→ **Your task**
Retype the listing exactly, with no images.

→ **Provided data**
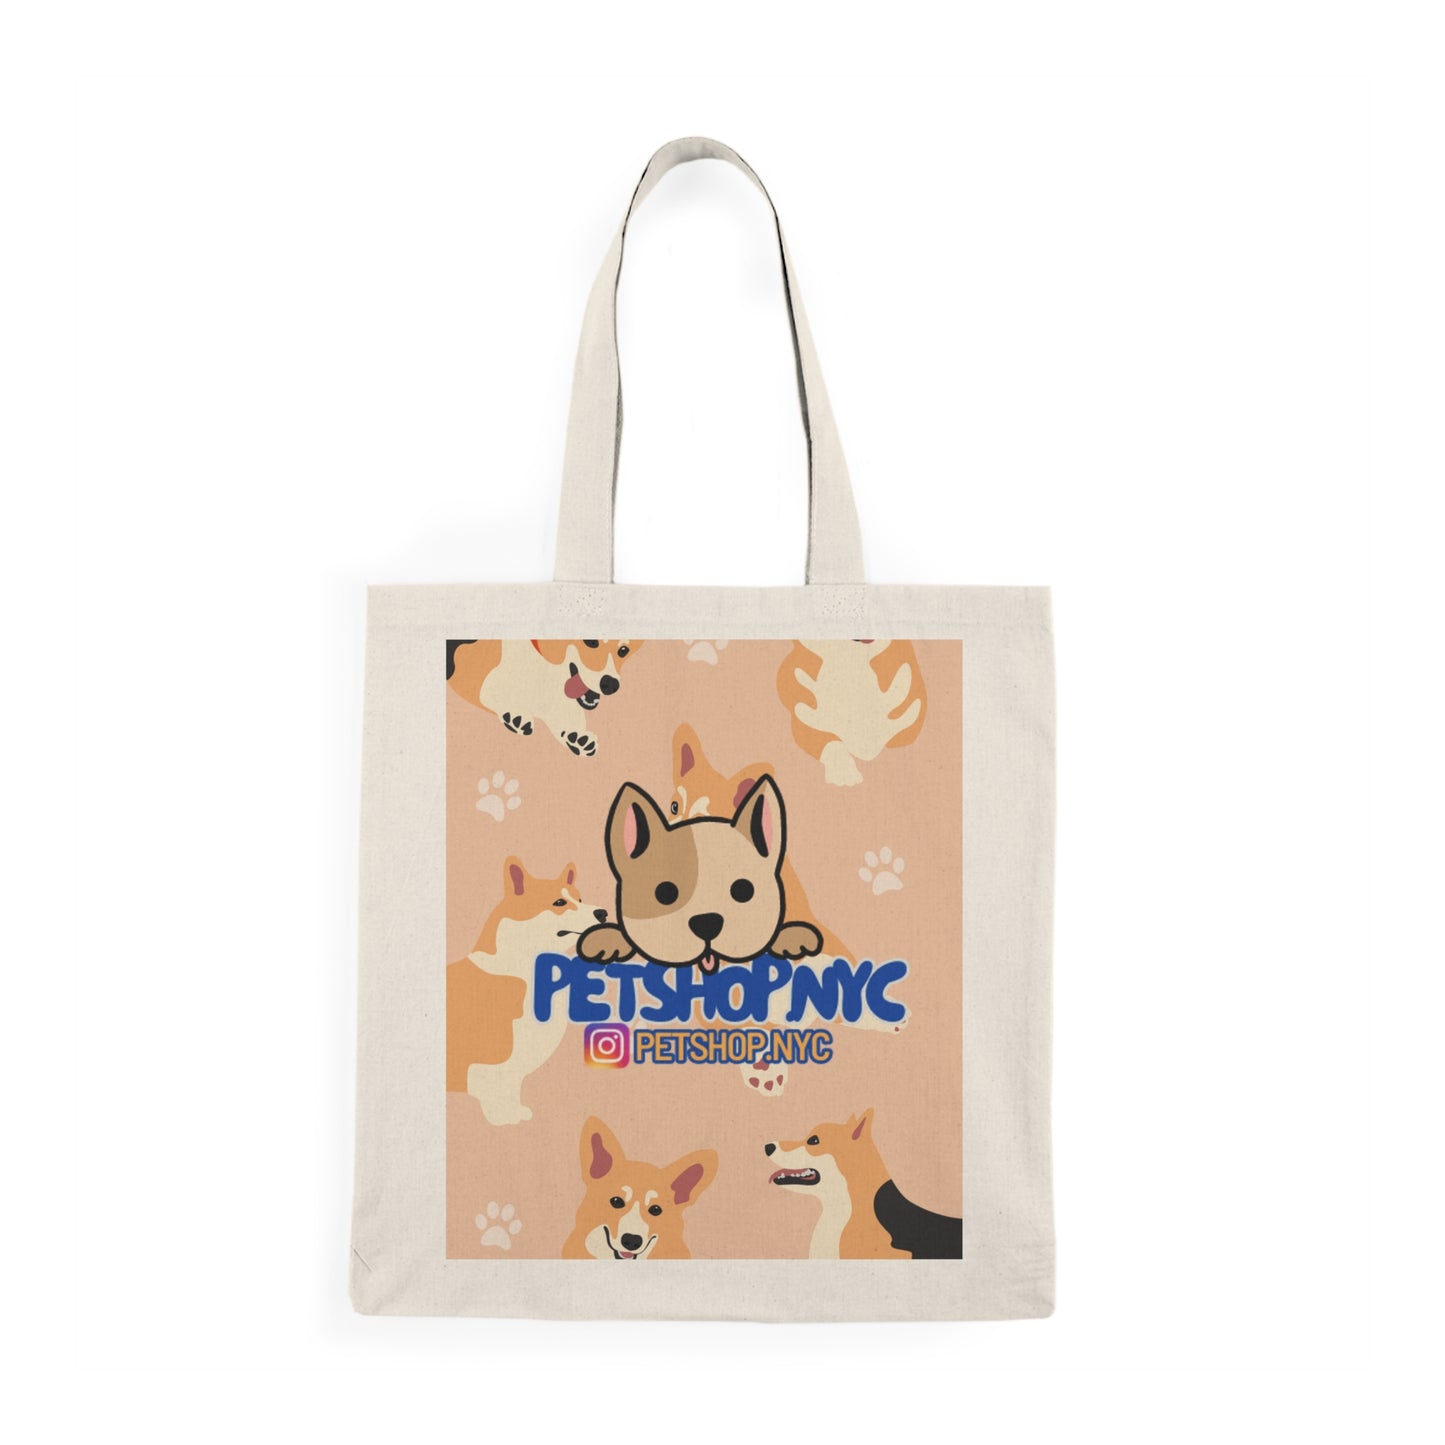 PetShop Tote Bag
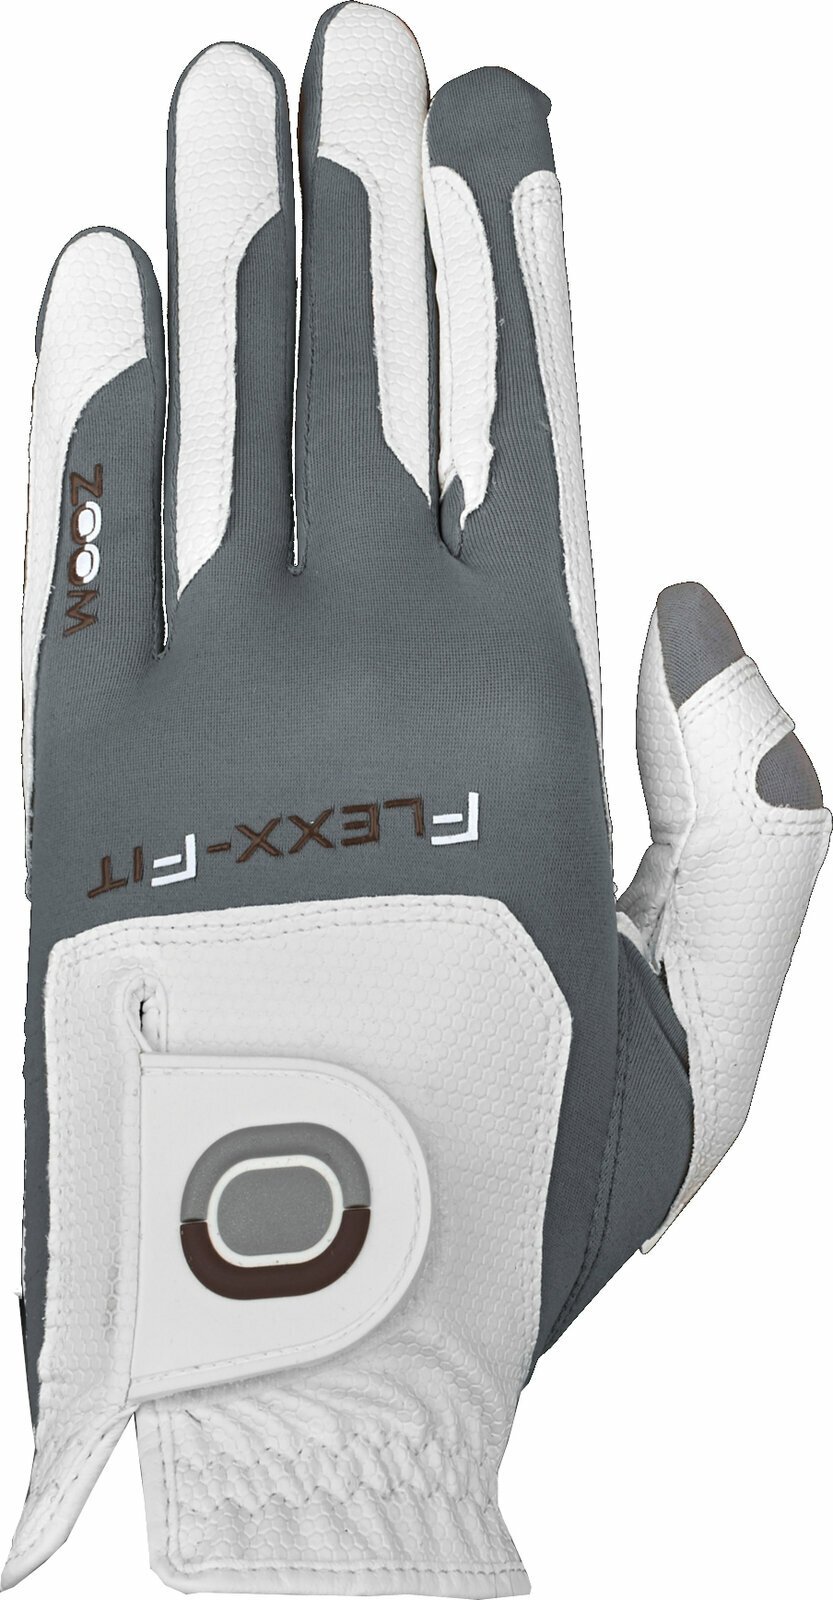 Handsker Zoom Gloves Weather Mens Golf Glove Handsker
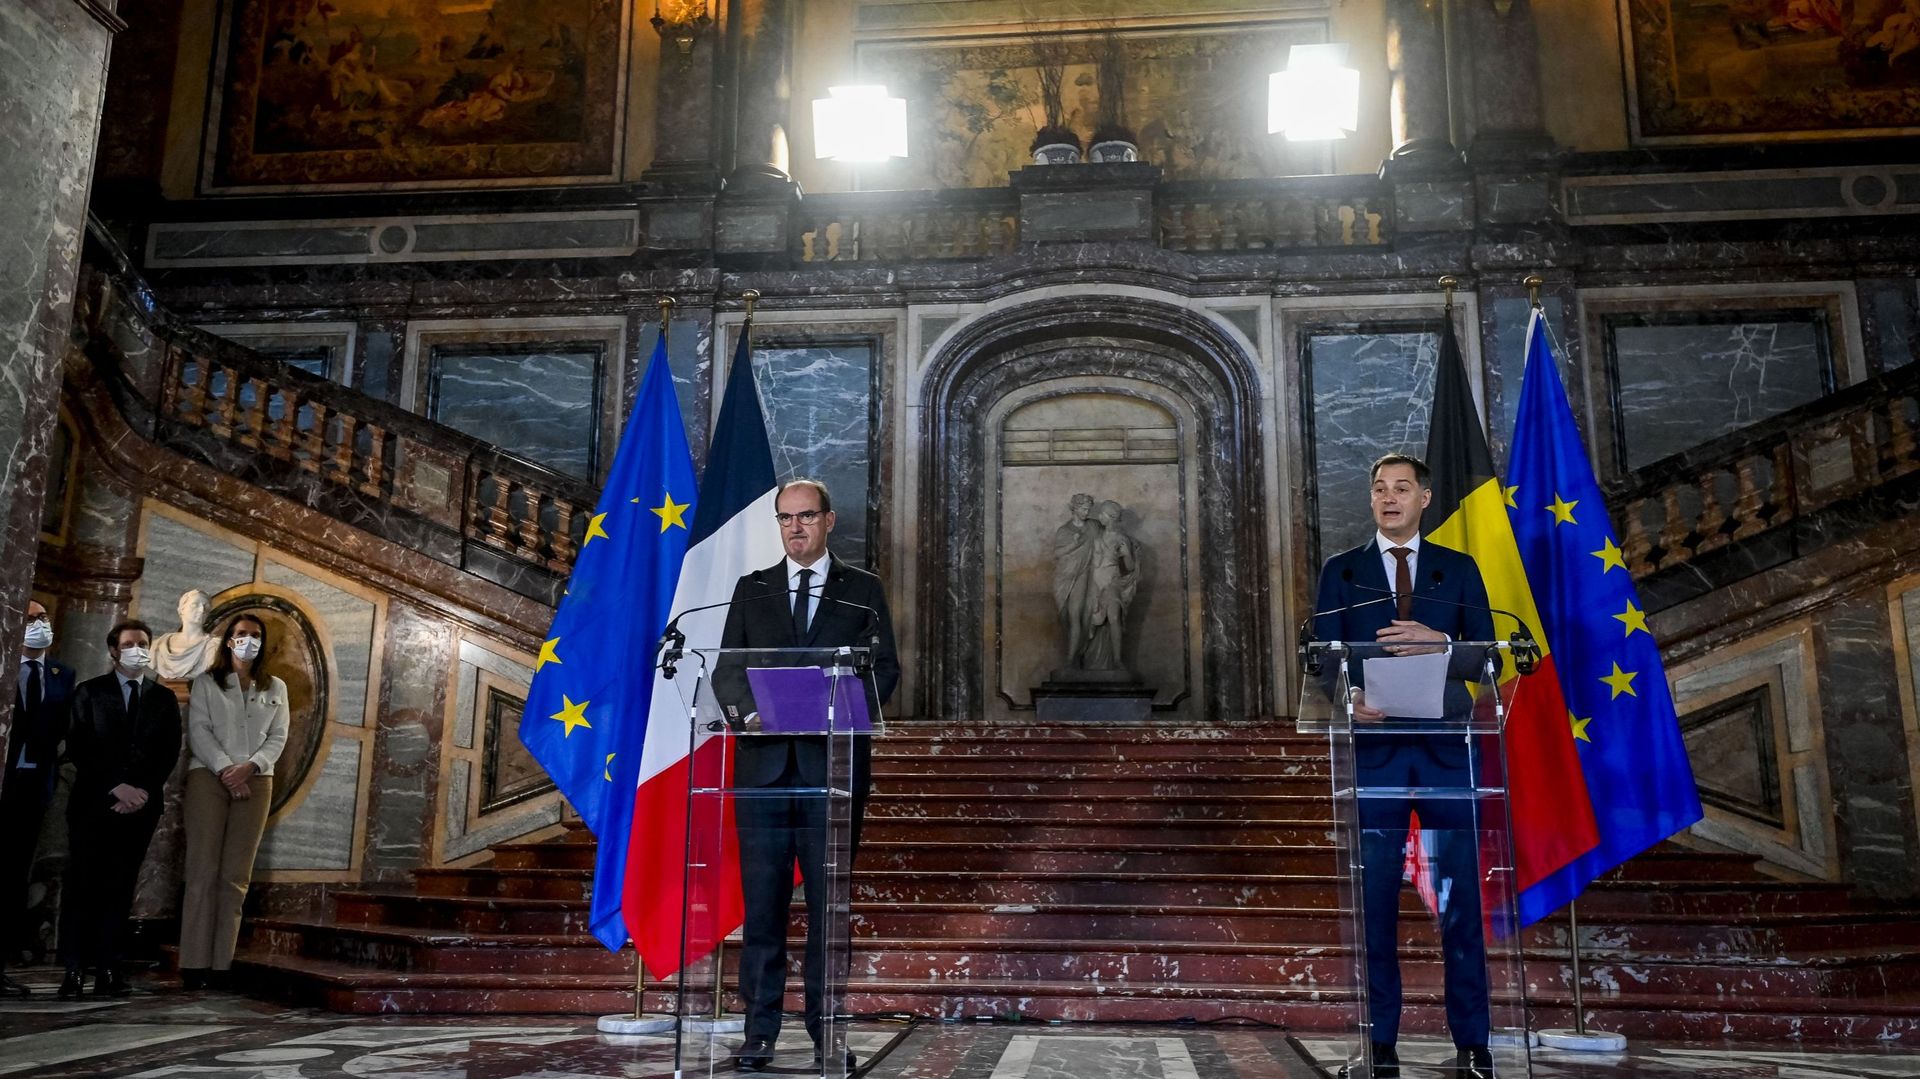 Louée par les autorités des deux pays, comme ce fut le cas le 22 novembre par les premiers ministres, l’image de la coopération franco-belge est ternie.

→ **Result**
 PetShop Tote Bag
 Handsker Zoom Gloves Weather Mens Golf Glove Handsker
 Louée par les autorités des deux pays, comme ce fut le cas le 22 novembre par les premiers ministres, l’image de la coopération franco-belge est ternie.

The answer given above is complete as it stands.